One of the traditional acclamations of the Christian faith is that “Christ has died, Christ is risen, Christ will come again.”

This paradoxical, messy statement is at odds with the mostly human Jesus that many liberals and progressive Christians know. The Jesus who would vote reliably democratic, welcomes all to his table, and then goes back to heaven, leaving us to govern ourselves and make our own destiny.  A Jesus who would never confront us, only confirm  and love us, and who never suffered violence or hatred.

That is not the Jesus of the acclamation of faith.  That Jesus suffered as a scapegoat to political and institutional violence.  He broke through the emotional barriers of the people surrounding him, confronting and often confusing them.  He was scrappy, homeless, and was a loud personality. He cajoled, joked, cried.  His final words to his followers were to love each other fiercely as he loved them.  As he died, his mother and his friends wept around him, bringing their pain, frustration, and sorrow to the foot of the cross where he emptied the last of his ego, his humanity, even his God nature back unto his God.

That could have been the end of the story.

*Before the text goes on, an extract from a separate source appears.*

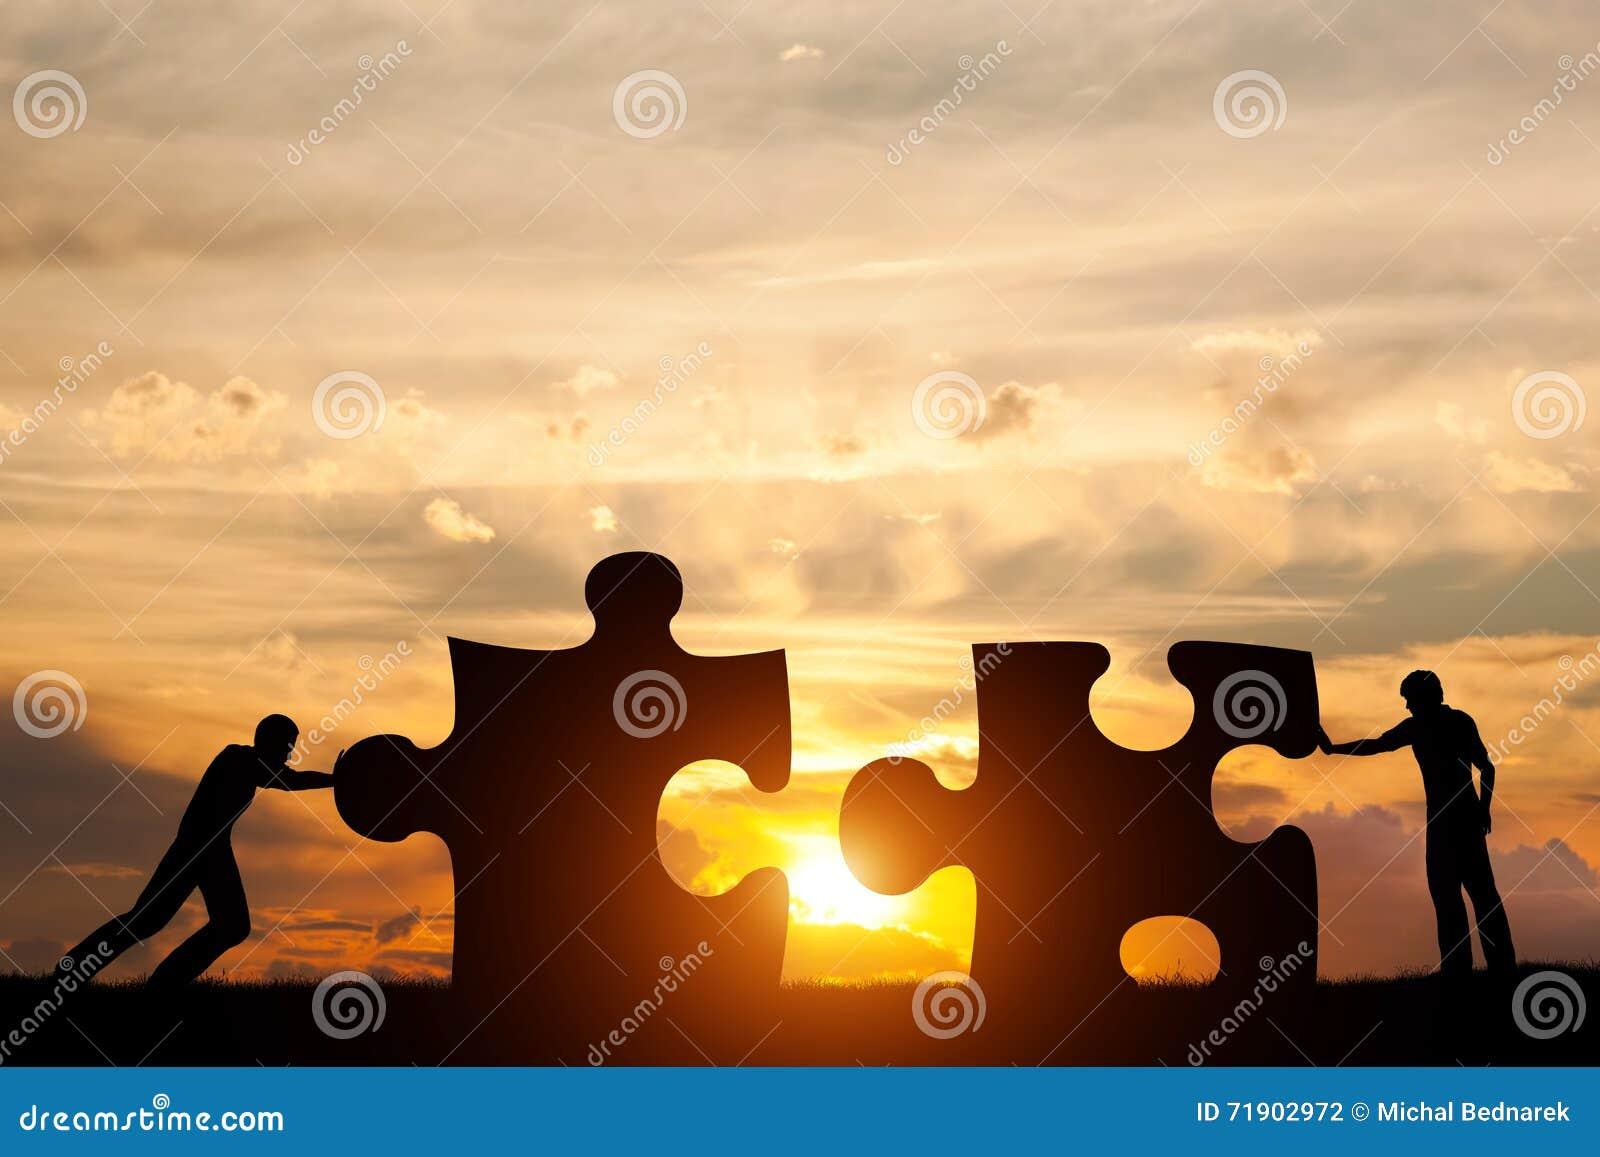 Deux hommes relient deux morceaux de puzzle Concept de solution d affaires, résolvant un problème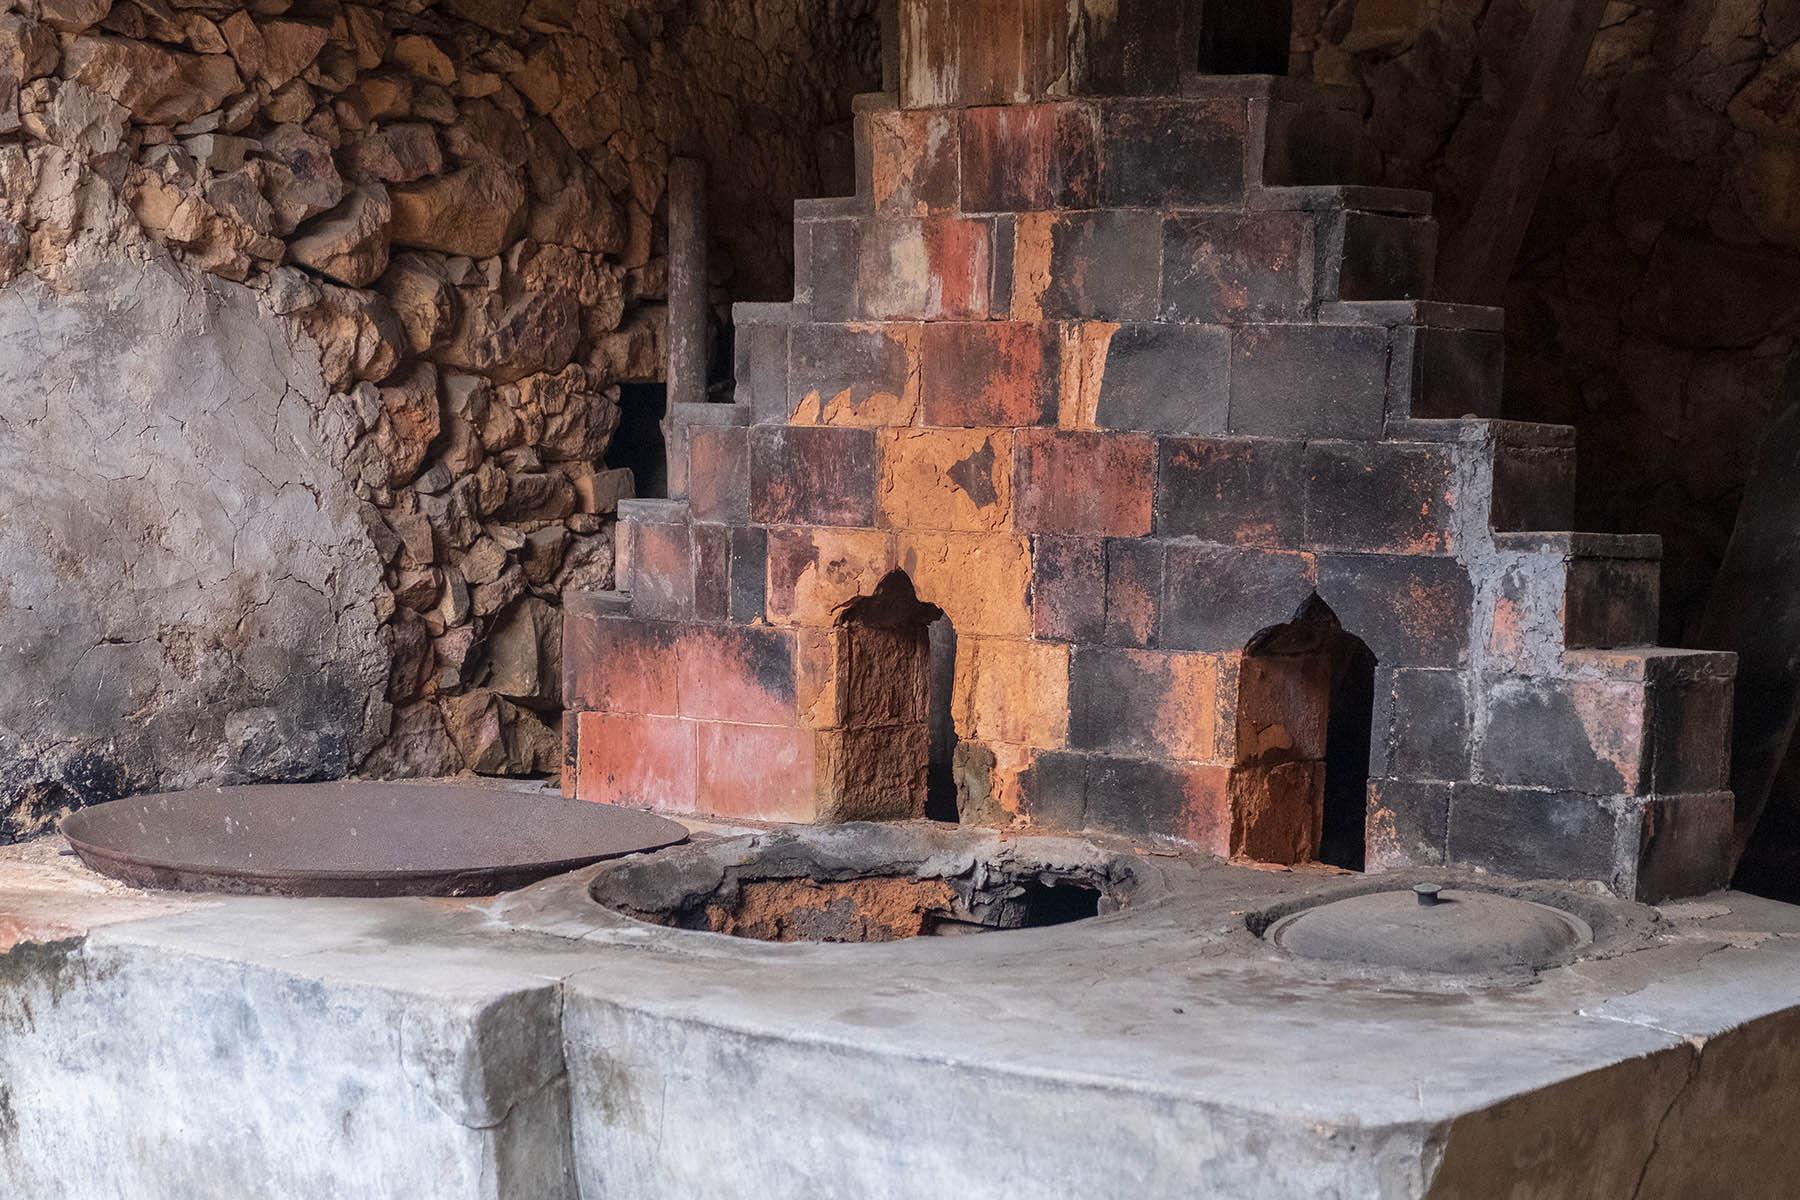 Alte Kochstelle in Zhangjiao in der Provinz Fujian, China

But it wasn’t.  It was only the beginning.  Jesus’ resurrection, physically and within the hearts and memories of his followers, started something new.  Hope would not be in domination, but in community.  Trust God before you trust your government or your master.  Things will not go well at times; in fact, they might be downright terrible.  But in those dark times, the steadfast love of the God of Israel and the God of the people of the new covenant would be with you always, leading you from the exile of loneliness and despair on eagle’s wings.

That could have been the end of the story.

But it’s not. Christ will come again.  I do not think it will be in fire and brimstone as described in the book of Revelation.  I think it will be something closer to a the way that the mystic Theresa of Avila tells us about Christ in the world today; that Christ has no hands, no feet but ours. I believe that when we as an individual and as communities become the embodiment of the living God, not dead and buried, but alive right here, right now, ever hopeful and faithful for the future, and ever present to our realities on earth, that Christ will have truly come again.